The moral of the story
The most obvious conclusion is not to delay seeing a doctor at early signs of urinary infection. If simple lab tests confirm the presence of bacteria, get on antibiotics and stay on them until the full course of treatment is complete – even if symptoms clear up in the first few days. This is important, since surviving bacteria lead to strains that become more hardy and resistant to antibiotics.
One final thought: The Sperling Prostate Center provides excellent, authoritative multiparametric MRI of the prostate. A “picture” is worth a thousand lab tests, and Dr. Sperling and his staff are leaders in distinguishing prostate cancer from other prostate conditions such as prostatitis and BPH.
Don’t write off UTIs as just an annoying, embarrassing or inconvenient side effect of getting older. To paraphrase Smokey the Bear, the long and young-at-heart life you save may be your own.
NOTE: This content is solely for purposes of information and does not substitute for diagnostic or medical advice.
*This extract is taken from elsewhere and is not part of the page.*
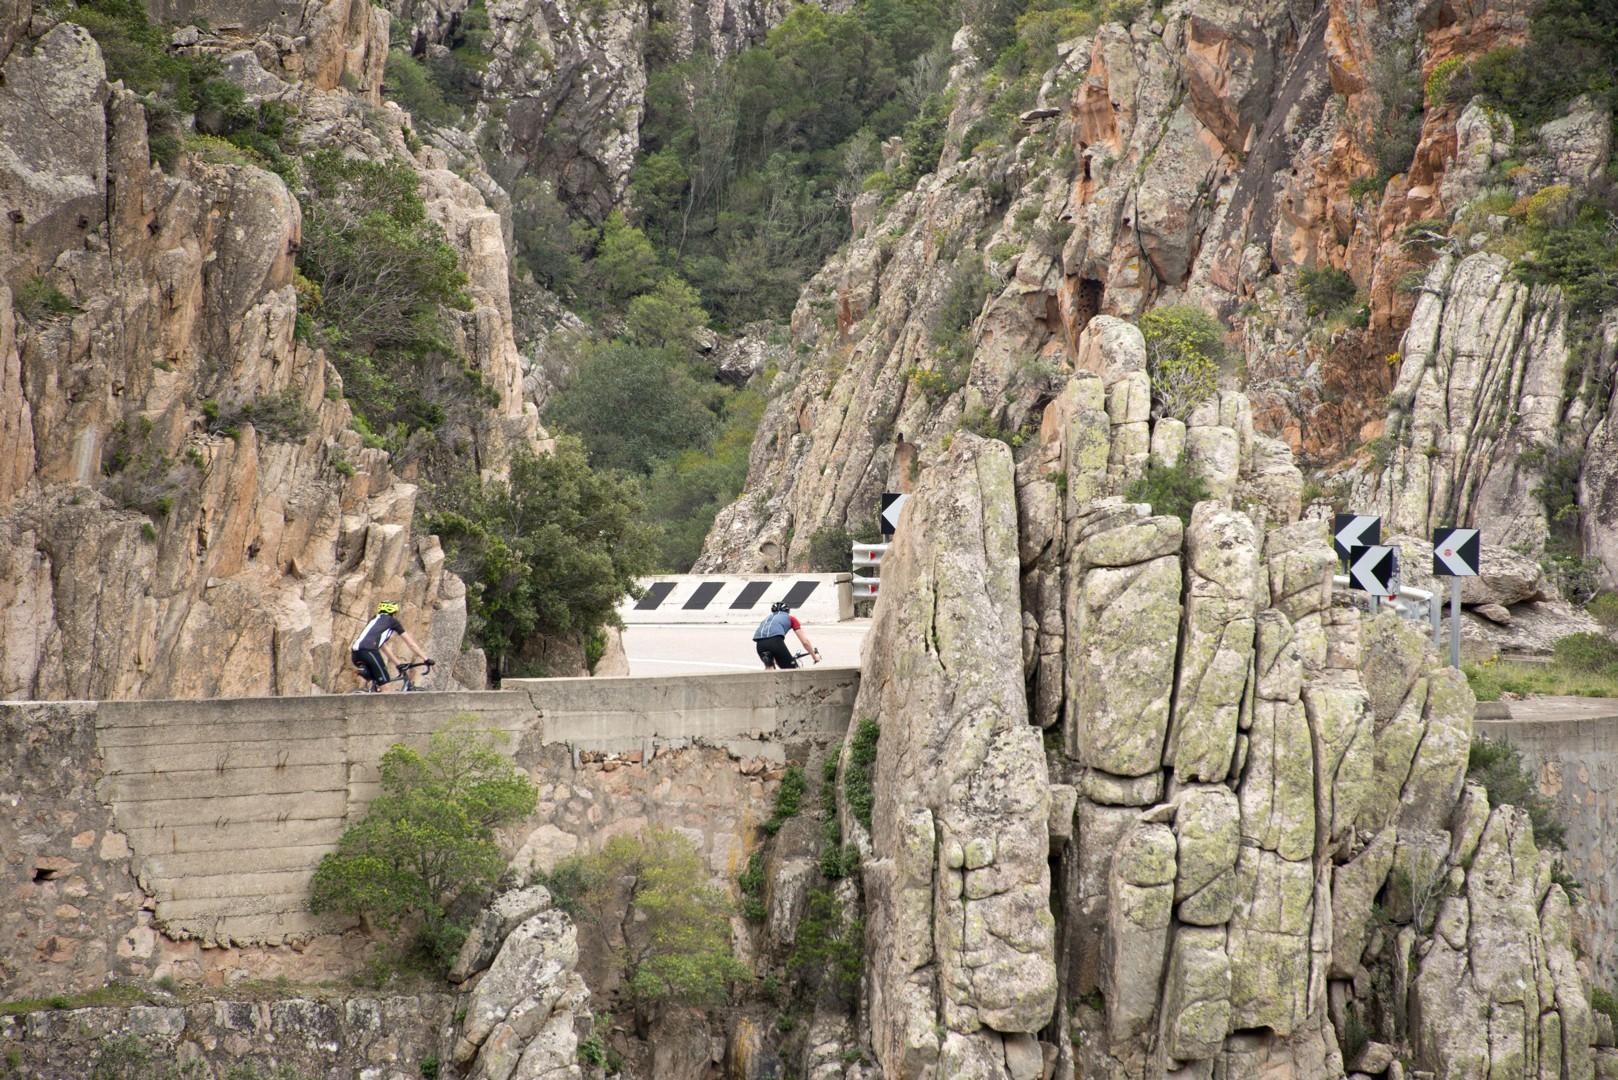 FCD5955.jpg - Italy - Sardinia - Mountain Explorer - Guided Road Cycling Holiday - Italia Road Cycling

Talk to your doctor if you are experiencing pelvic pain, or have any other health concerns or questions of a personal medical nature.
[i] Huang CH, Chou YH, Yeh HW, Huang JY et al. Risk of Cancer after Lower Urinary Tract Infection: A Population-Based Cohort Study. Int J Environ Res Public Health. 2019 Feb; 16(3): 390.
[ii] Tolani MA, Suleiman A, Awaisu M, Abdulaziz MM et al. Acute urinary tract infection in patients with underlying benign prostatic hyperplasia and prostate cancer. Pan Afr Med J. 2020 Jul 9;36:169.
[iii] Fan CY, Huang WY, Lin KT, Lin CS et al. Lower urinary tract infection and subsequent risk of prostate cancer: a nationwide population-based cohort study. PLoS One, 2017 Jan 3;12(1):e0168254.